Many lifestyle managers come from the event planning, fashion, or hospitality worlds, where they’ve already built up a web of high-end connections to facilitate their clients' needs. De Rossi worked for years at the iconic British department store Harrods, forging links he still uses to score elusive jewelry and handbags for his private clients. He recently expanded his services to cover off-market real estate and what he calls “unique experiences,” like expeditions to see the Titanic or taste wine aged at the bottom of the sea. He is currently working on sending a client to space.
Managing the lifestyles of the rich and famous also requires a deep, incredibly niche kind of knowledge not taught in any school. Anyone with enough money can hire a private yacht, but a good lifestyle manager knows the difference between a yacht for a 70-year-old billionaire and his wife and a 40-year-old bachelor and his boys. (The latter requires a crew that is willing to serve drinks 24 hours a day and won’t complain about thumping music at 3 a.m.) “It’s saying, ‘I’m going to be candid with you, this is what it’s like,’” Dove said about hiring a crew. “‘Can your crew handle that or are there going to be issues?’”
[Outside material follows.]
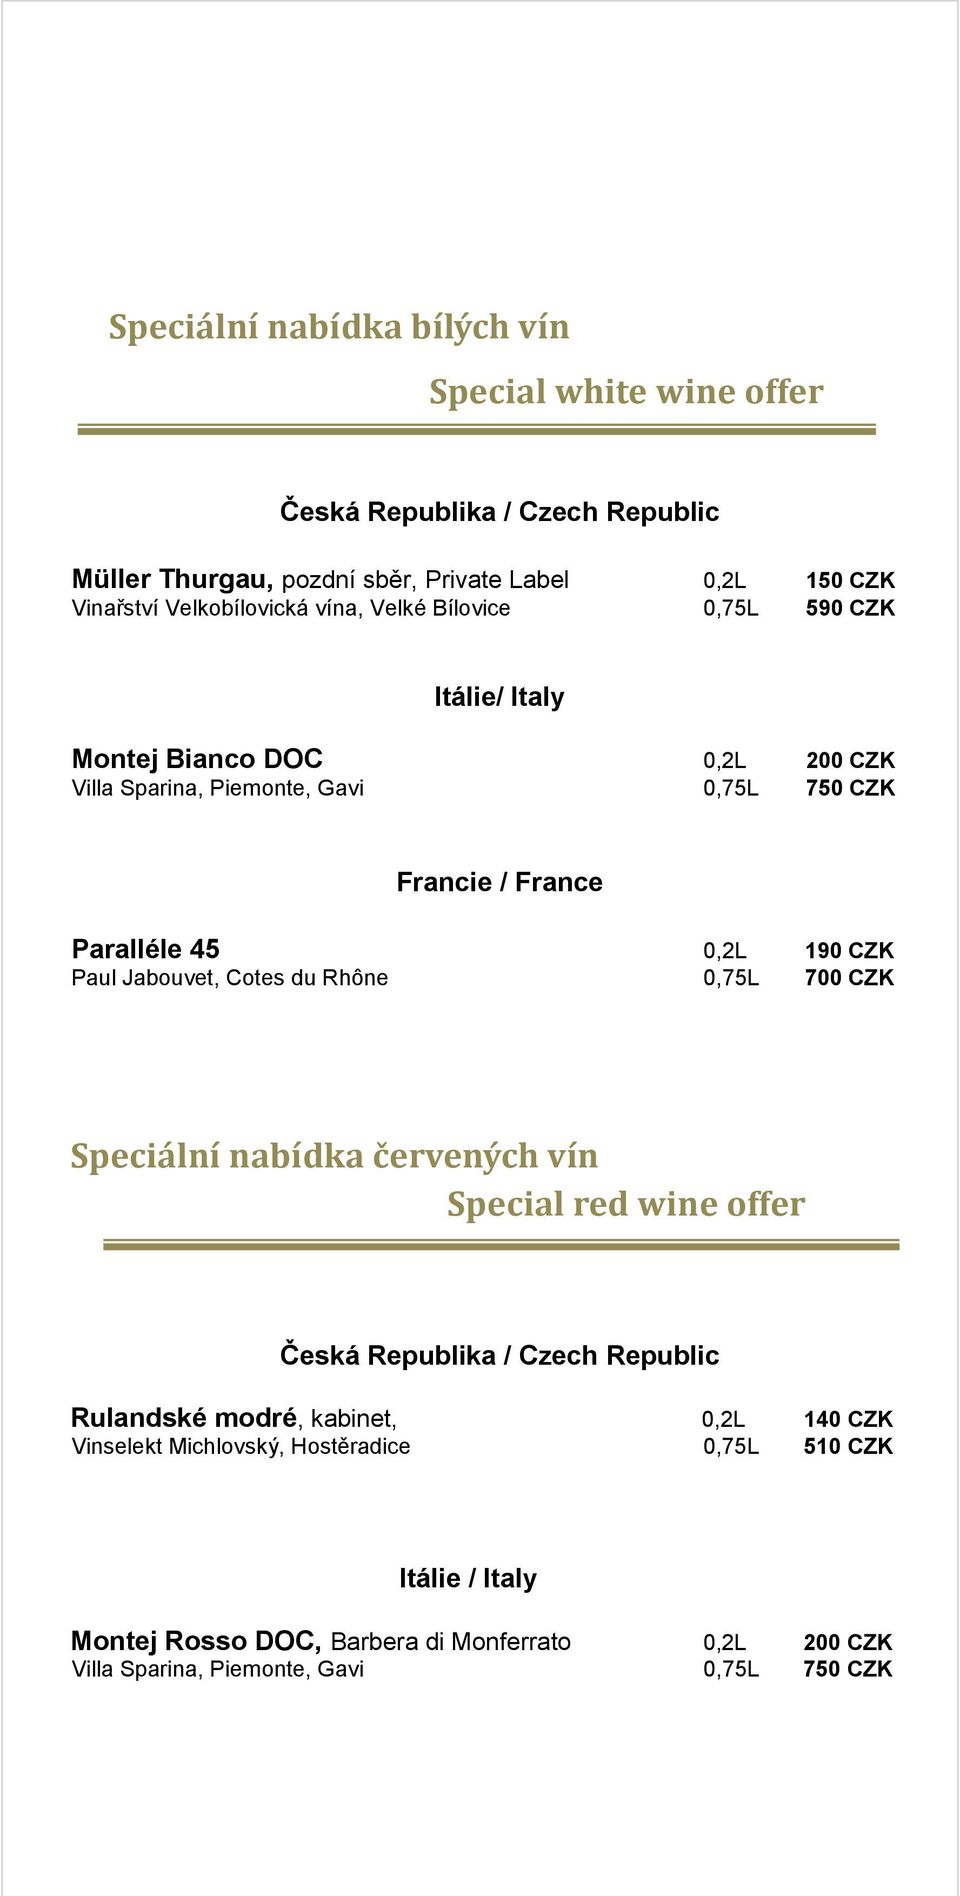 Jabouvet, Cotes du Rhône 0,75L 700 CZK Speciální nabídka červených vín Special red wine offer Rulandské modré, kabinet, 0,2L 140 CZK

The same goes for hiring a private plane. Skilled lifestyle managers know the pilots who won’t pitch a fit when the client is inevitably three hours late, and have a contact at the airport to open the hangar if they arrive after hours. McGovern was once called in to pre-screen rental jets for a client who was dissatisfied with the ones he had been chartering. She took videos and detailed notes on each one and sent them back to the client. Among the requirements: The plane must have been made after 2015, and could never have been smoked in.
The job also requires an almost obsessive level of attention to detail. When McGovern plans trips for her clients, she doesn’t just do research online—she flies to the destination and stays in all of the luxury hotels in the area. That way, she can tell her clients which hotel had employees walking around handing out damp towels every 15 minutes, and which rooms had the shortest walk to the pool. Dove keeps a confidential file on all of his clients, marking down which hotel rooms his clients liked and what items to tell the staff to have ready in the room before their arrival.
Unsurprisingly, the work is often stressful, and the clients highly demanding. (“I was told by one of these guys, ‘If you tell me no, I want it 10 times more,’” Dove said.) Lifestyle managers are often expected to be available at all hours, to suit any need. McGovern said she was once fired by a client because the woman didn’t like her handwriting. She had to drop a different client who yelled at her because she couldn’t get them to Italy in the middle of the pandemic. “I have to laugh at it,” McGovern said. “Their sense of reality is a little skewed.”
But most lifestyle managers will tell you that, regardless of some less-than-sympathetic customers, they love their work. There are perks—Dove said he’s been treated by some of the best doctors in the world when he’s sick, courtesy of his clients—along with the satisfaction of delivering something hard-to-get to a happy customer.
“I think somebody either loves this work or they hate it, because it is definitely not mundane,” St. Clair said. “But for the most part it allows you to be creative and think outside the box.”
Plus, sometimes it’s just interesting to see how the other half lives.
“It’s so nice to be able to dream and see how you can travel if you have no budget,” she added. “The way that some people live, it’s really fun.”